18 September 1947, however, is considered the Idaho Air National Guard's official birth concurrent with the establishment of the United States Air Force as a separate branch of the United States military under the National Security Act. The initial mission of the Idaho ANG was the air defense of the state. On 1 July 1955 the 190th Fighter-Interceptor Squadron was authorized to expand to a group level, and the 124th Fighter Group (Air Defense) was allotted by the National Guard Bureau, extended federal recognition and activated.

Today, the Idaho ANG performs a worldwide ground-air support mission, along with a forward air controller training mission and support for active-duty USAF training missions.

After the September 11 attacks, elements of every Air National Guard unit in Idaho has been activated in support of the global war on terrorism. Flight crews, aircraft maintenance personnel, communications technicians, air controllers and air security personnel were engaged in Operation Noble Eagle air defense overflights of major United States cities. Also, Idaho ANG units have been deployed overseas as part of Operation Enduring Freedom in Afghanistan and Operation Iraqi Freedom in Iraq, as well as other locations as directed.

===Invasion of Iraq friendly fire incident===

As part of the invasion of Iraq and supporting the British portion of that operation called Operation Telic, on March 28, 2003, two 124th Wing A-10 Thunderbolt II aircraft from the 190th Fighter Squadron flew a mission to destroy artillery and rocket launchers from Iraq's 6th Armor Division, dug in 25 mi north of Basra.
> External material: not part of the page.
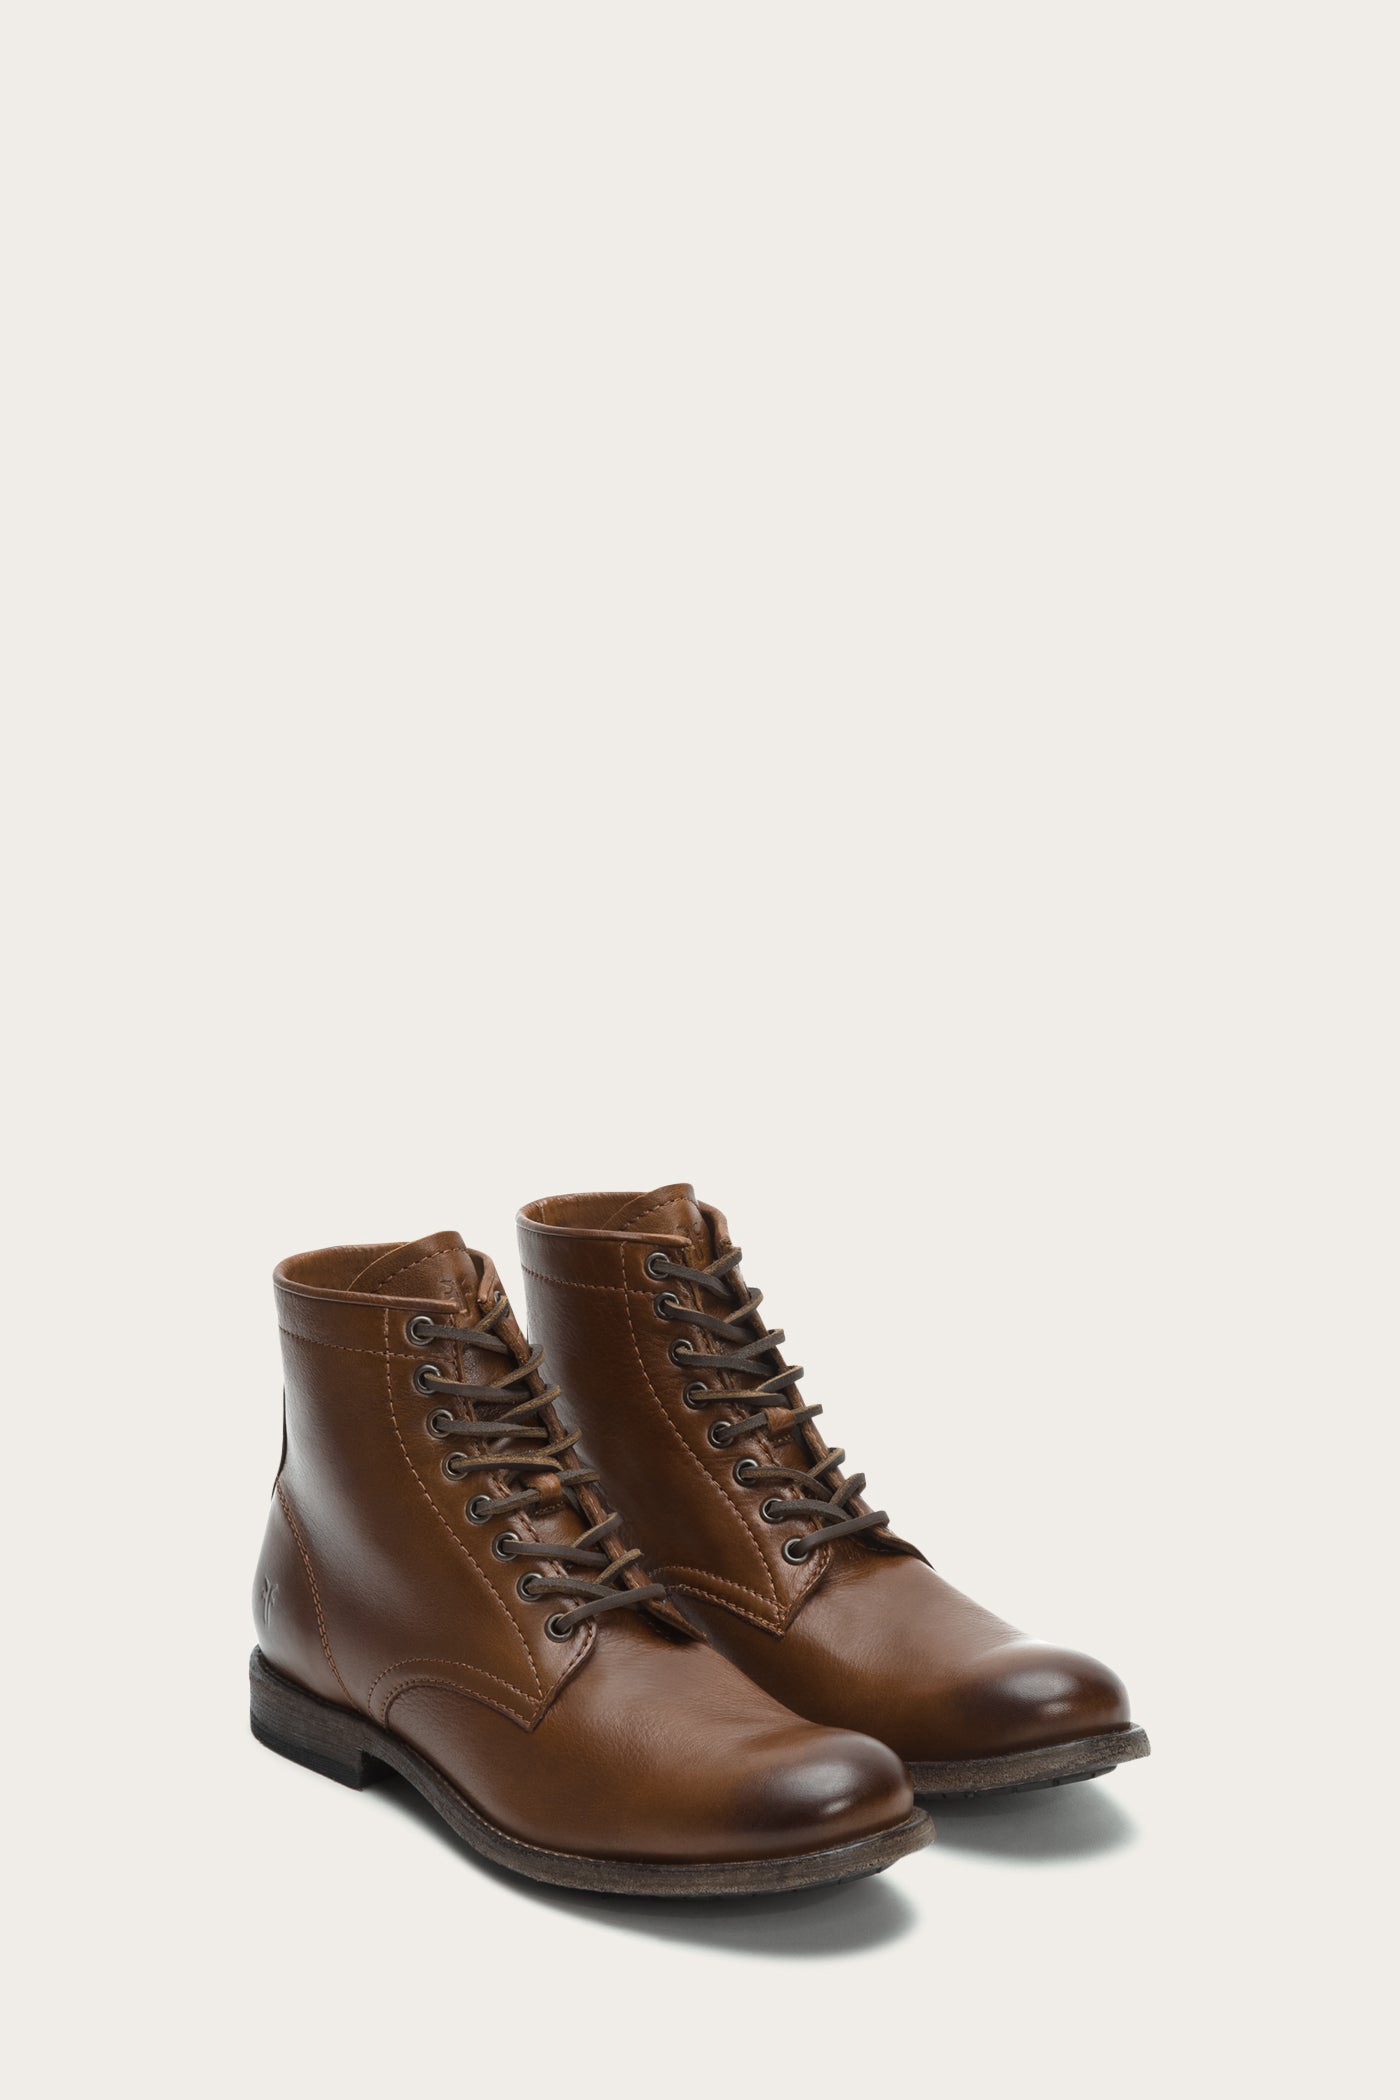 frye lace up boots

During the mission, the two A-10 aircraft mistakenly attacked a patrol of four armored vehicles from D Squadron of the British Blues and Royals of the Household Cavalry that were supporting the 16 Air Assault Brigade in Operation Telic. As a result of the attack by the 190th A-10 aircraft, British Lance-Corporal of Horse Matty Hull was killed and five of his colleagues were injured, four seriously.